杜甫の死後43年を経て、孫の嗣業(しぎょう)という人が辛苦して金をつくり、その遺骨を郷里に運び先祖の墓地に葬ったという。
中唐の詩人に元稹(げん・しん・779-831)という人がいる。白居易(白楽天)の親友で唐詩においては関脇クラスの人だ。当時この人は江陵(湖北省江陵県)に左遷されていた。孫の嗣業が移葬の途中、杜甫の遺骨を背負ってこの人の自宅を訪問して、墓石に彫る銘文を依頼した。杜甫を尊敬していた元稹は、その名誉に感激しながら文章を練ったという話が残っている。
この元稹という人は、科挙試験では白居易と同期で、元稹が一番、白居易が四番で進士に合格したと記録にある。役人・政治家としては元稹のほうが出世して、短期間ではあるが元稹は宰相を勤めている。ただ、詩人としては白居易がだんぜん上で、白居易が中唐詩壇の横綱とすれば、元稹は関脇クラスであろう。
関脇だ、大関だと、私は無責任に言っているが、唐代の高級官僚は全員が漢詩をつくった。唐王朝三百年を合わせると、何万人、何十万人もの科挙試験合格の高級役人がいたはずだ。その中で『唐詩選』に選ばれている作家は128人にすぎない。これを考えれば、これら全員が横綱クラスと言うのが正しいのかもしれない。そのような判断をすれば、この元稹も横綱である。
貧乏ではあったが、血統・家柄からすると、杜甫は唐の詩人の中でも飛びぬけた名門の出身である。名門出身の王維ですら、とてもかなわない。
父方の祖父・曾祖父・それ以前の先祖たちの中には、唐・西晋、さらにさかのぼって漢の時代に、当時の歴史に名を留めた官僚・学者・将軍が何人もいる。かたや、母親(崔・さい氏、崔氏は唐代の超名門)の父(杜甫の祖父)は唐の初代皇帝高祖・李淵の曾孫にあたり、母親の母(杜甫の祖母)は二代皇帝太宗・李世民のこれまた曾孫であるというから、ただごとではない。
杜甫には「春望」という有名な詩がある。「国破れて山河あり」のあの詩である。長安が安禄山の軍隊に占領され、杜甫はその賊軍の虜(とりこ)になった。唐王朝空前の国難の中で書かれた憂国の詩だ。杜甫が初代高祖・二代太宗の血を引く人だと知っていると、この詩をより深く味わうことができると思う。

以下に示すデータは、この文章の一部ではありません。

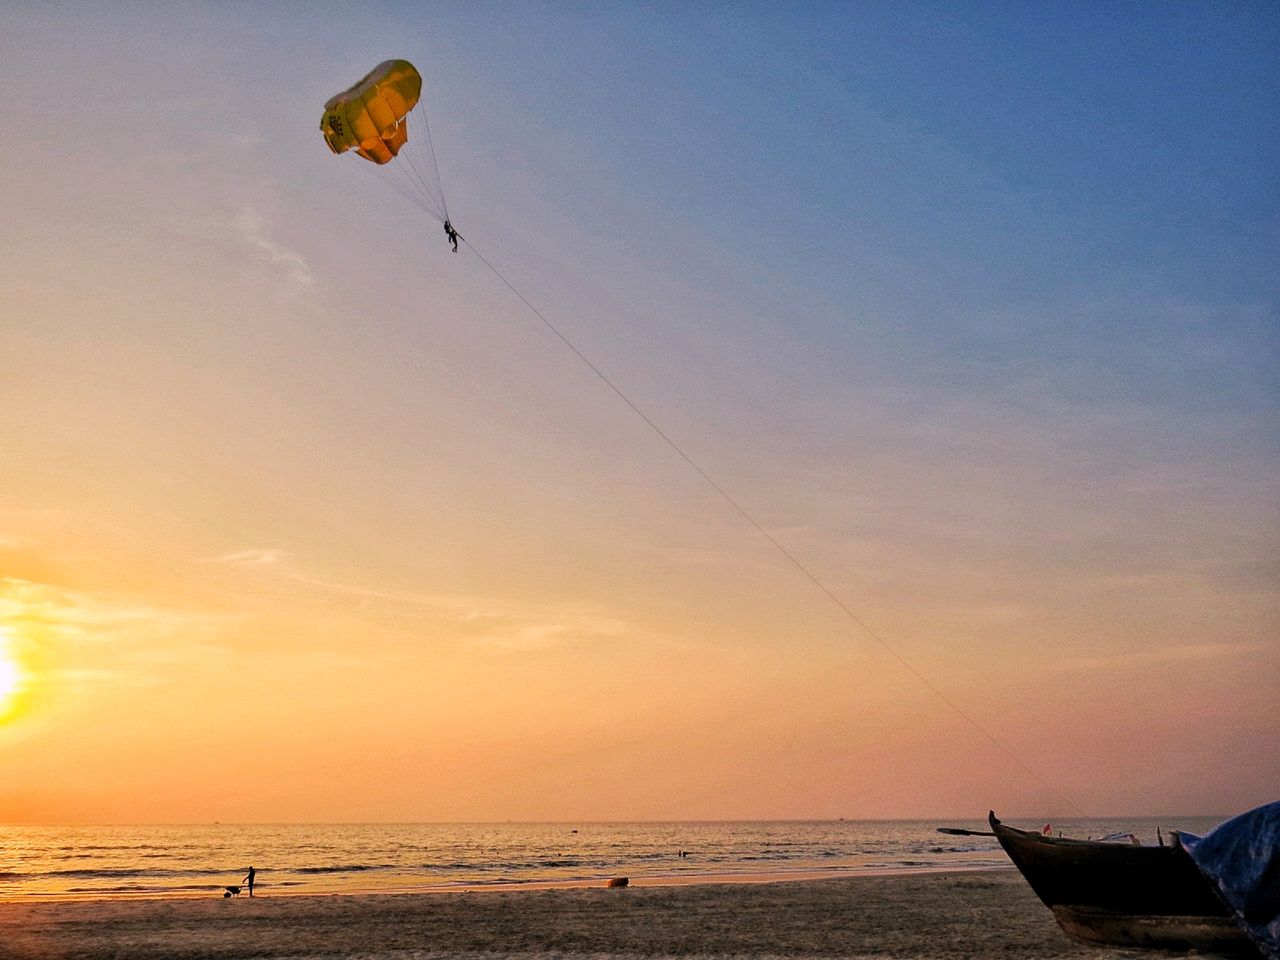 PEOPLE PARAGLIDING AT BEACH DURING SUNSET

李白は洛陽での宴会の席で、ひとまわりほど年下の杜甫に会った。すでに天下の大詩人の名声を得ていた李白が、末席で小さくなっている無名の貧書生の杜甫に声をかけた。「おい杜甫君、こっちに来いよ。一緒に飲もうではないか!」と呼び寄せたといわれる。それ以来、李白は杜甫を可愛がり、二人で一緒に一年以上も旅に出たりしている。杜甫の詩才を愛したのがその理由であろうが、名門に対する憧れの気持ちが強かった李白が、杜甫をあれほど可愛がった理由だと説く学者もいる。
『唐詩選』という書物は、明代の李攀竜(り・はんりょう・1514-1570)が編纂したもので、全部で465首が収録されている。ちなみに掲載数の多い詩人の四傑は次の通りである。杜甫51、李白33、王維31、岑参28。